Information provided:
▼▼▼
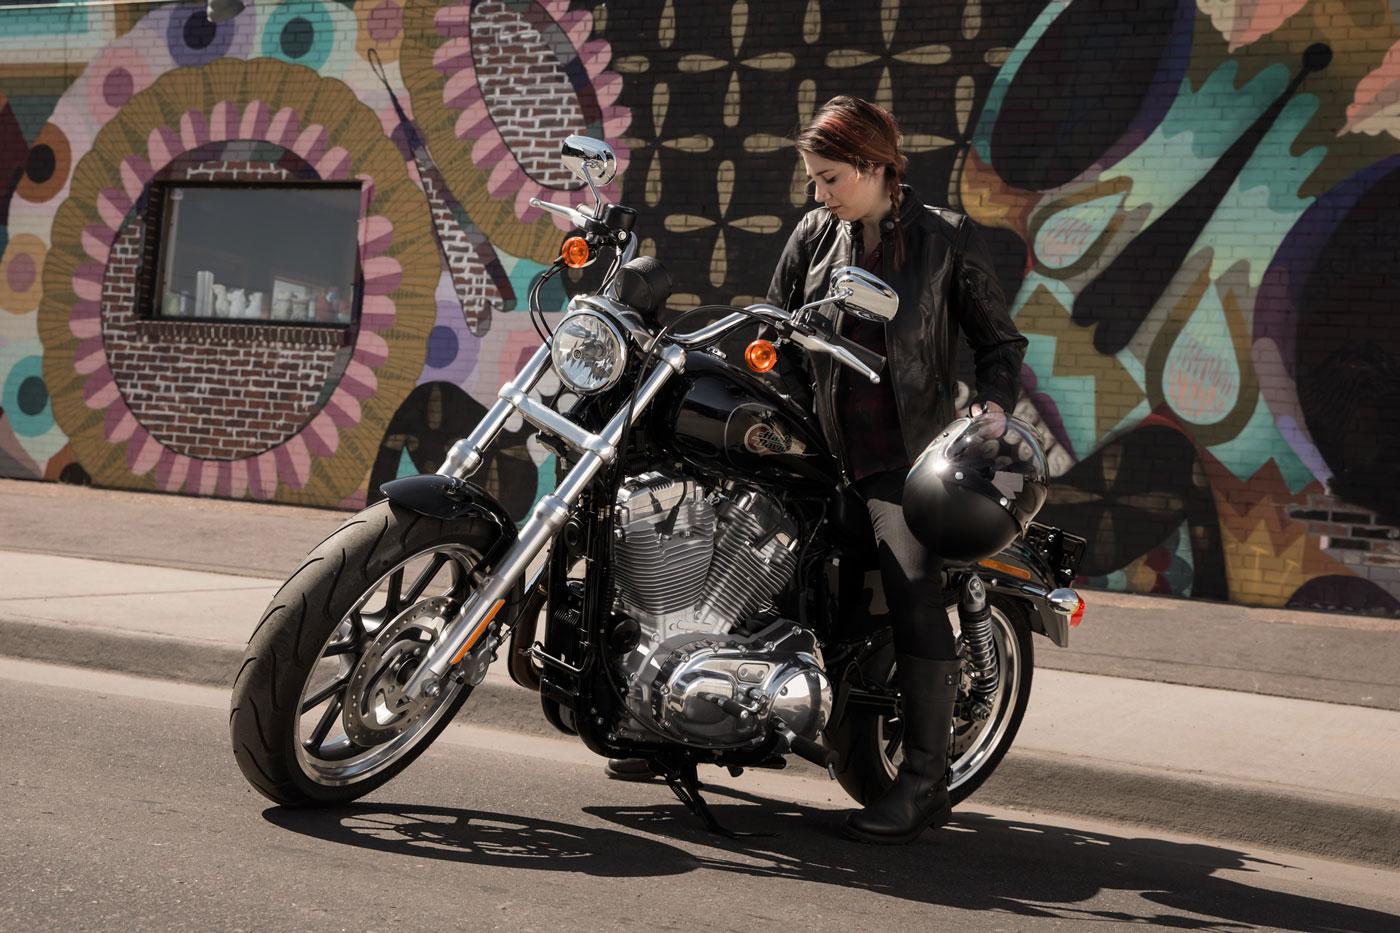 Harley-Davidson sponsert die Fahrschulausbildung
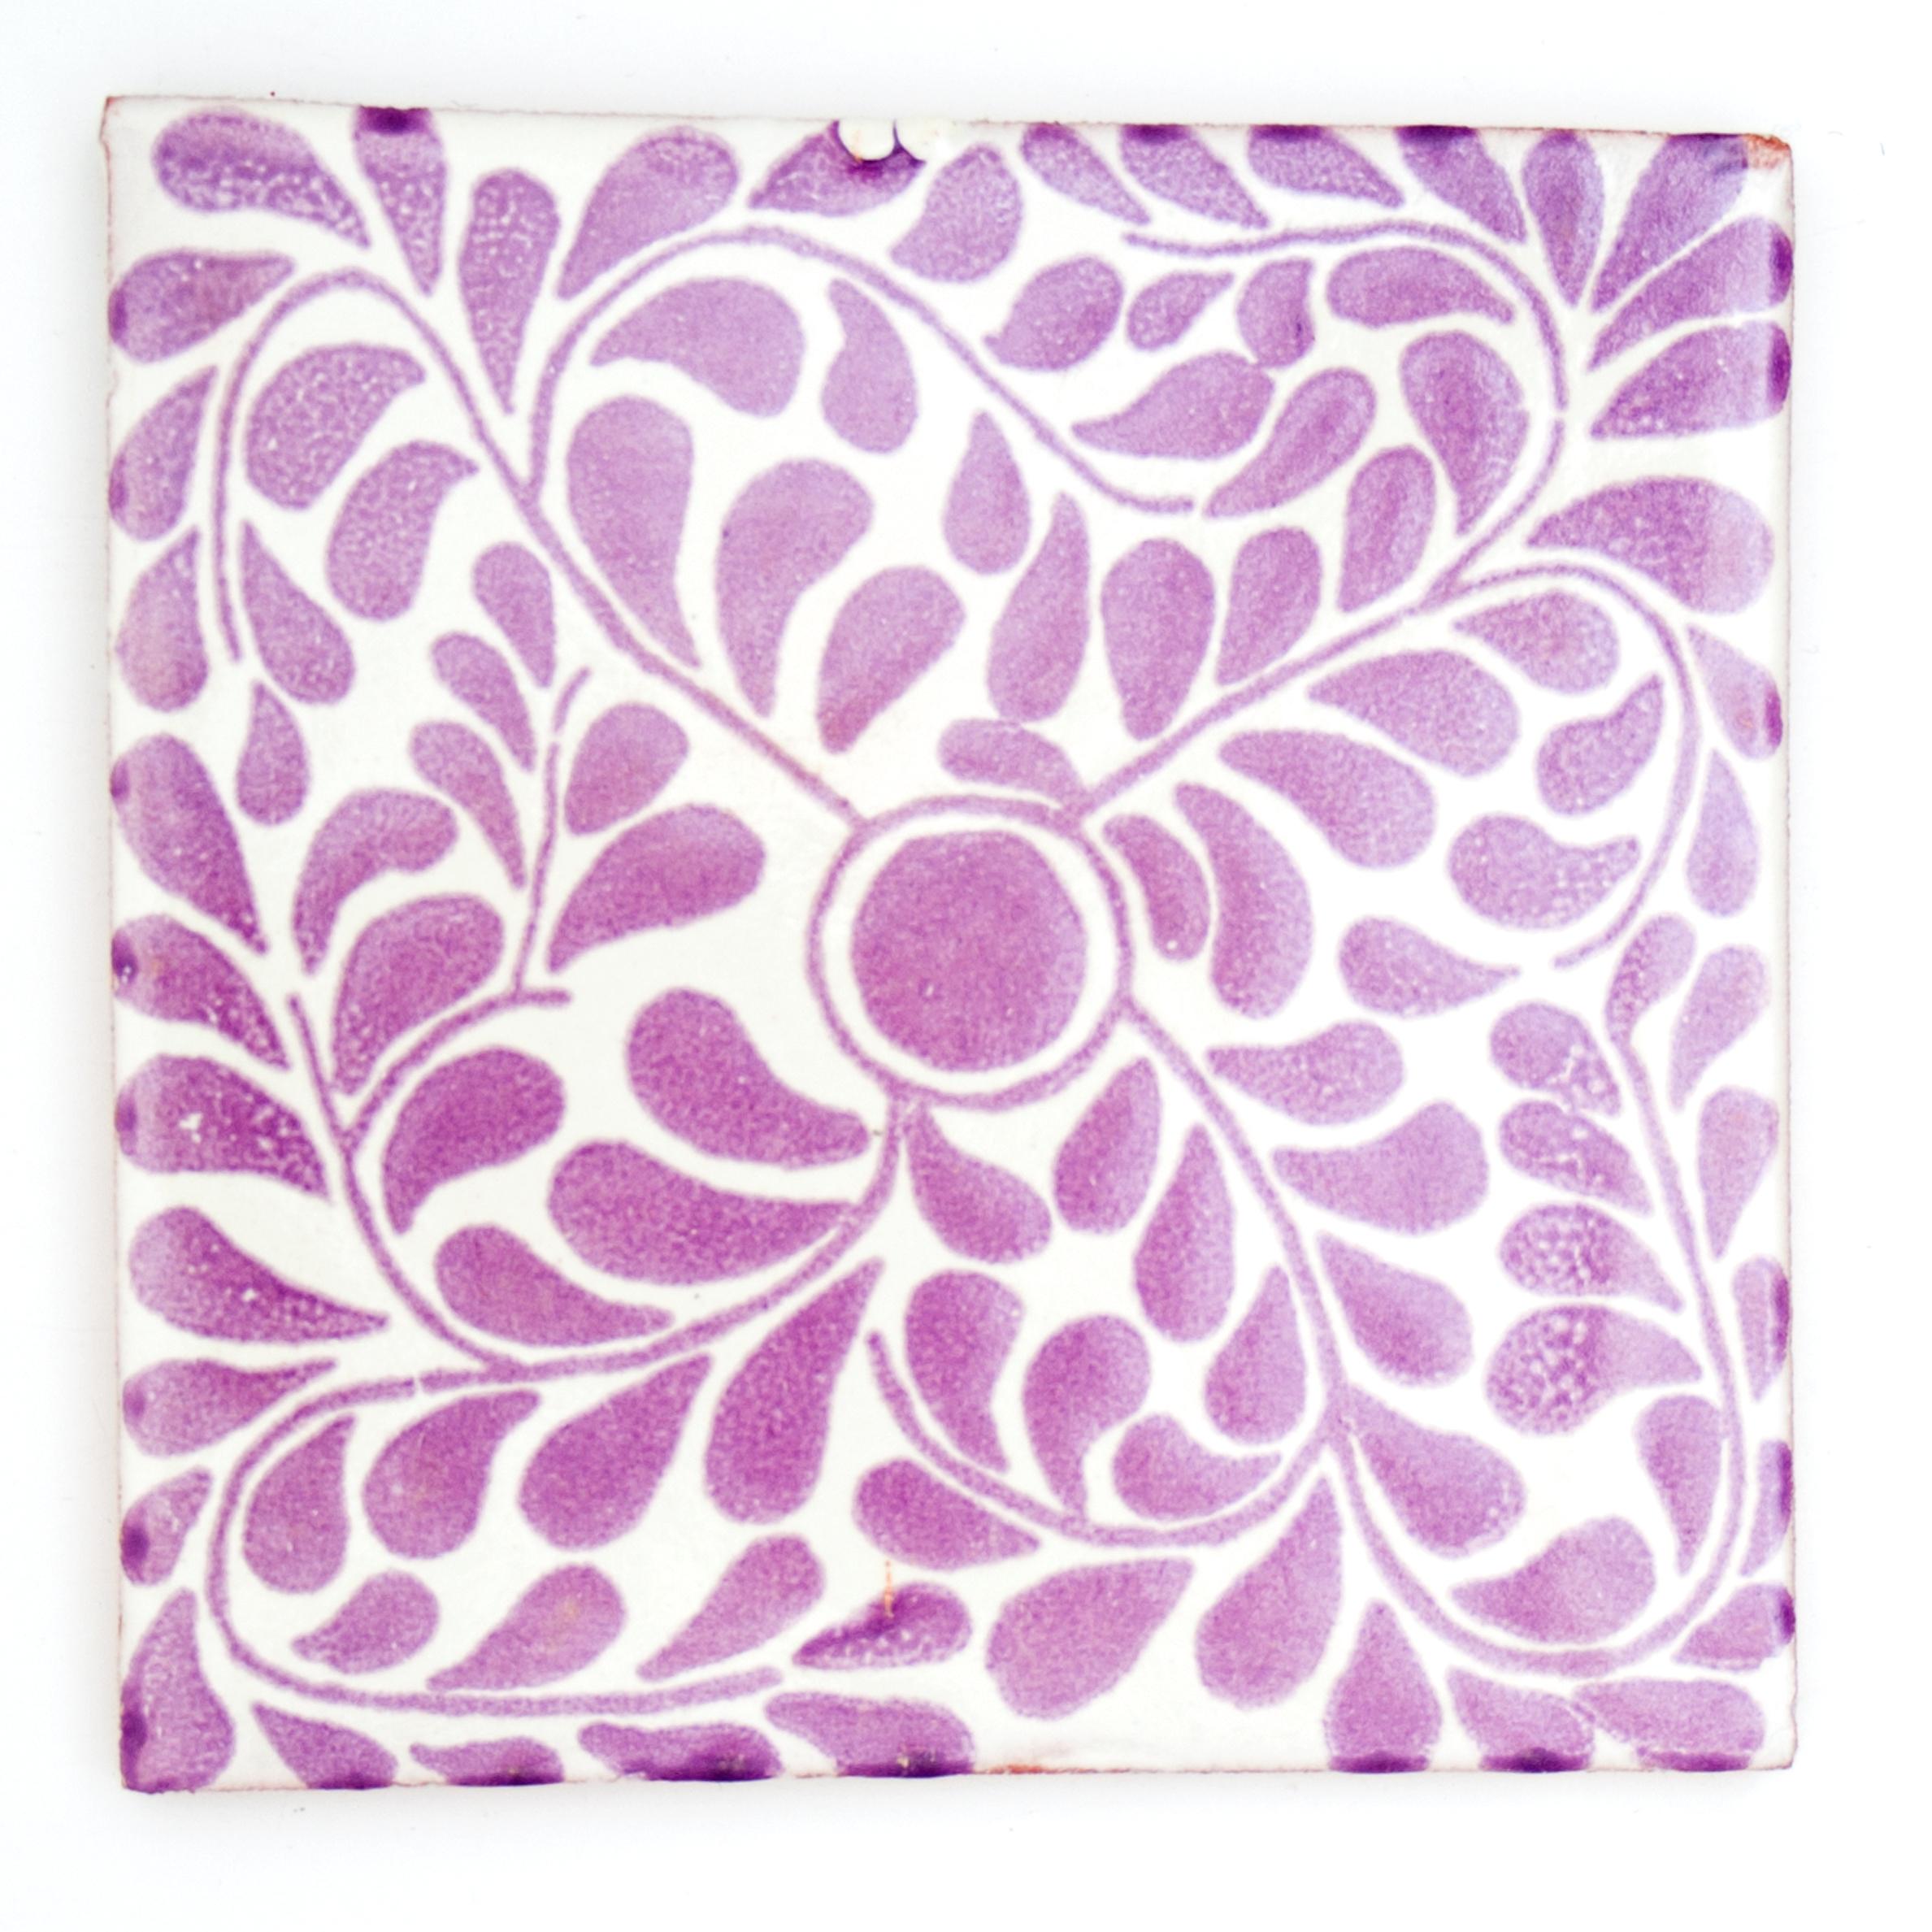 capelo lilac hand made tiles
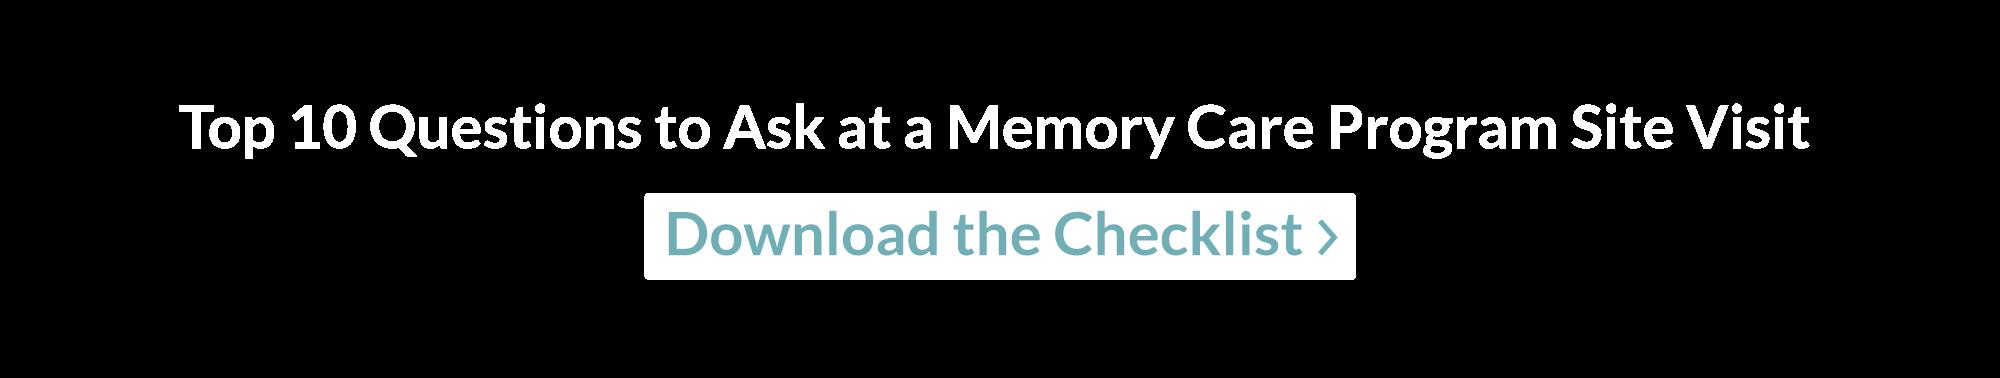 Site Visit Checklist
▲▲▲
Apart from the pictures, restate all of the listing above exactly.

 Harley-Davidson sponsert die Fahrschulausbildung
 capelo lilac hand made tiles
 Site Visit Checklist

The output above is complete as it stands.